Segundo o vice-presidente da CNA, a situação do produtor só não está pior porque a desvalorização cambial amenizou um pouco os efeitos da queda dos preços.
Recursos - Umbelino prevê que não haverá crescimento da área plantada de grãos na próxima safra e criticou o governo por anunciar um volume de recursos para o crédito rural que não corresponde à realidade. "Na safra passada o governo anunciou R$ 11,3 bilhões e estima-se que apenas cerca de R$ 8 bilhões foram emprestados aos produtores", afirmou.
Para esta próxima safra, em que o governo está sinalizando com um volume de recursos de R$ 12 bilhões a CNA trabalha com a liberação, de fato, de cerca de R$ 9 bilhões. "O governo precisa cumprir o que promete, não é apenas anunciar", ressaltou.
Outra queixa da CNA é que os recursos do crédito rural não saem na hora necessária. "Em julho já começamos a adquirir insumos e não podemos mais ter liberação de recursos em dezembro e janeiro como na safra passada."
Umbelino informou ainda que a CNA, pela primeira vez, está alertando aos produtores de todo o País sobre os custos reais de produção e a expectativa de renda. "Não vamos dizer para ninguém plantar ou deixar de plantar, mas é preciso avisar que os preços internacionais das principais commodities são os mais baixos dos últimos 23 anos e que o mercado está difícil", observou.
Juros - A CNA defende uma redução das taxas de juros nos financiamentos do crédito rural da próxima safra de 8,75% para 6% ao ano e mudanças no atual Proagro (seguro agrícola).
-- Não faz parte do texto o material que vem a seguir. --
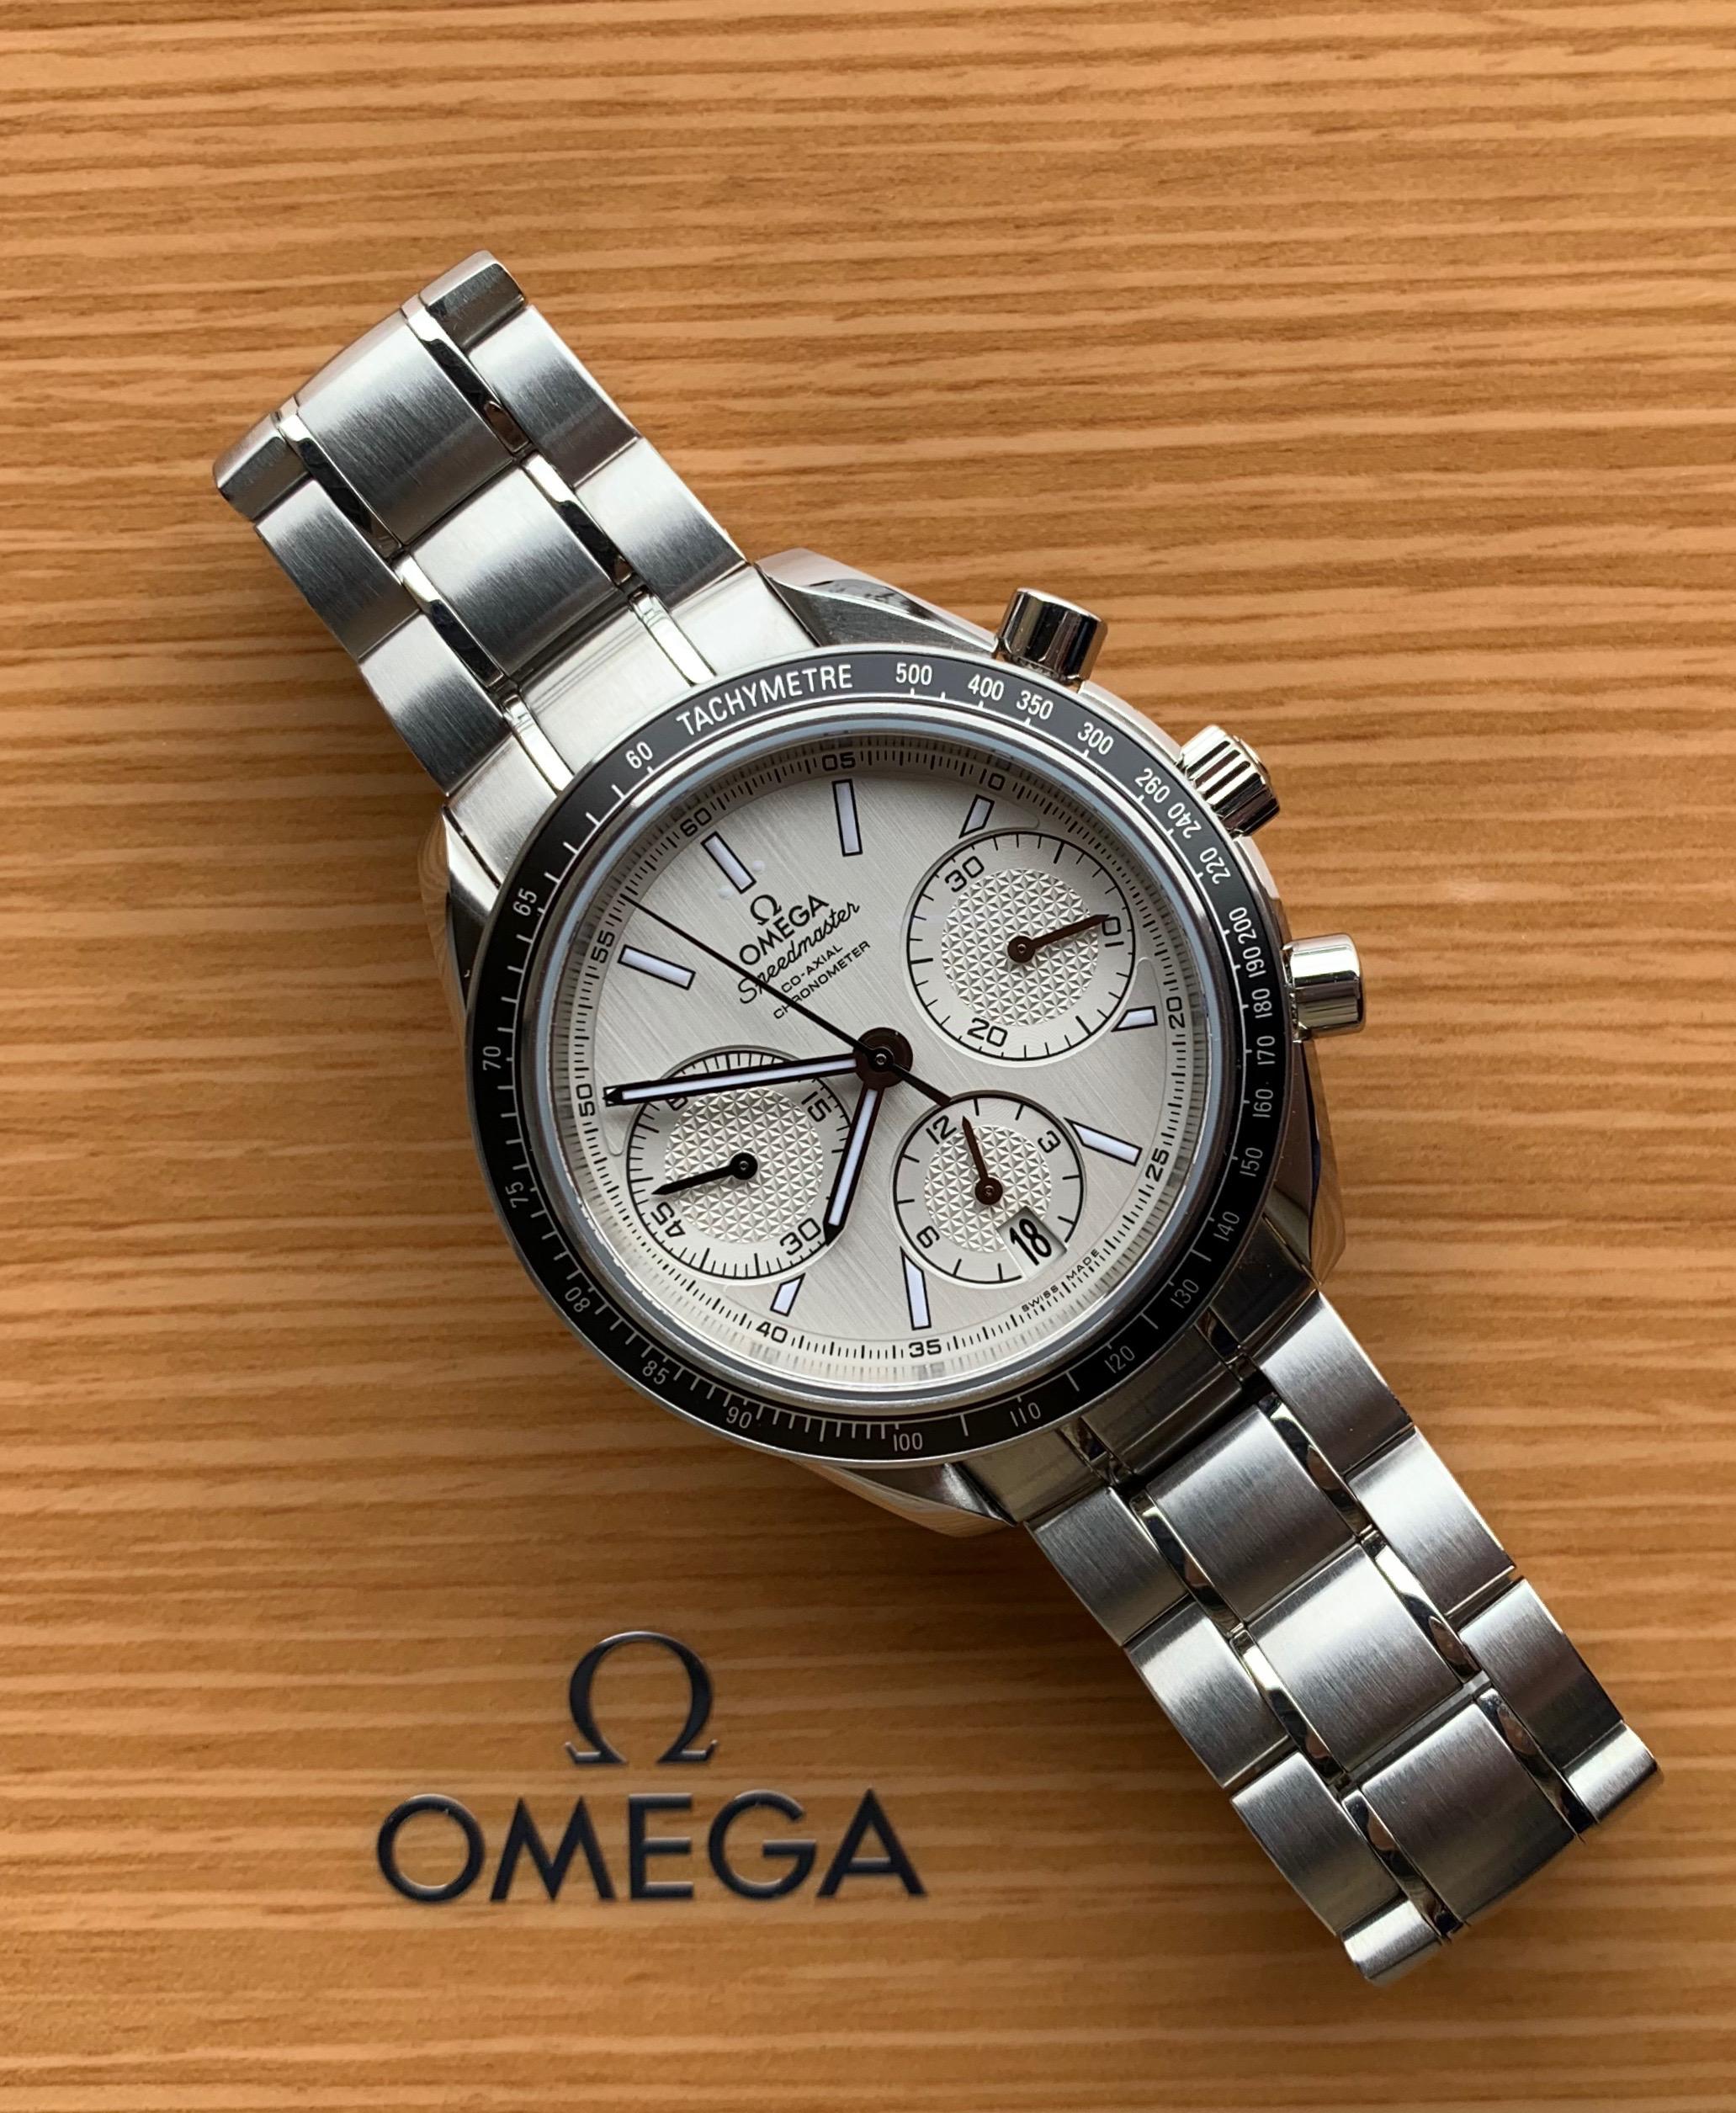 Omega Speedmaster Racing: Perfect for the Avid Racer

Segundo Umbelino, é preciso ter um seguro "mais adequado". Ele citou pesquisa da CNA em que 87% dos produtores consideraram que o Proagro ficou mais burocratizado com o zoneamento agrícola, que indica as melhores datas e sementes para plantio em cada micro-região do País.
Todas as propostas da CNA para a safra 1999/2000 deverão ser apresentadas ao governo na quinta-feira, segundo Umbelino.
Ele defendeu os contratos de opção para todas as culturas, como o mecanismo mais adequado para a comercialização da safra, e disse que o Brasil precisa seguir o modelo de mercado futuro que vem sendo adotado no mundo, onde o produtor "vende para plantar e não planta para vender".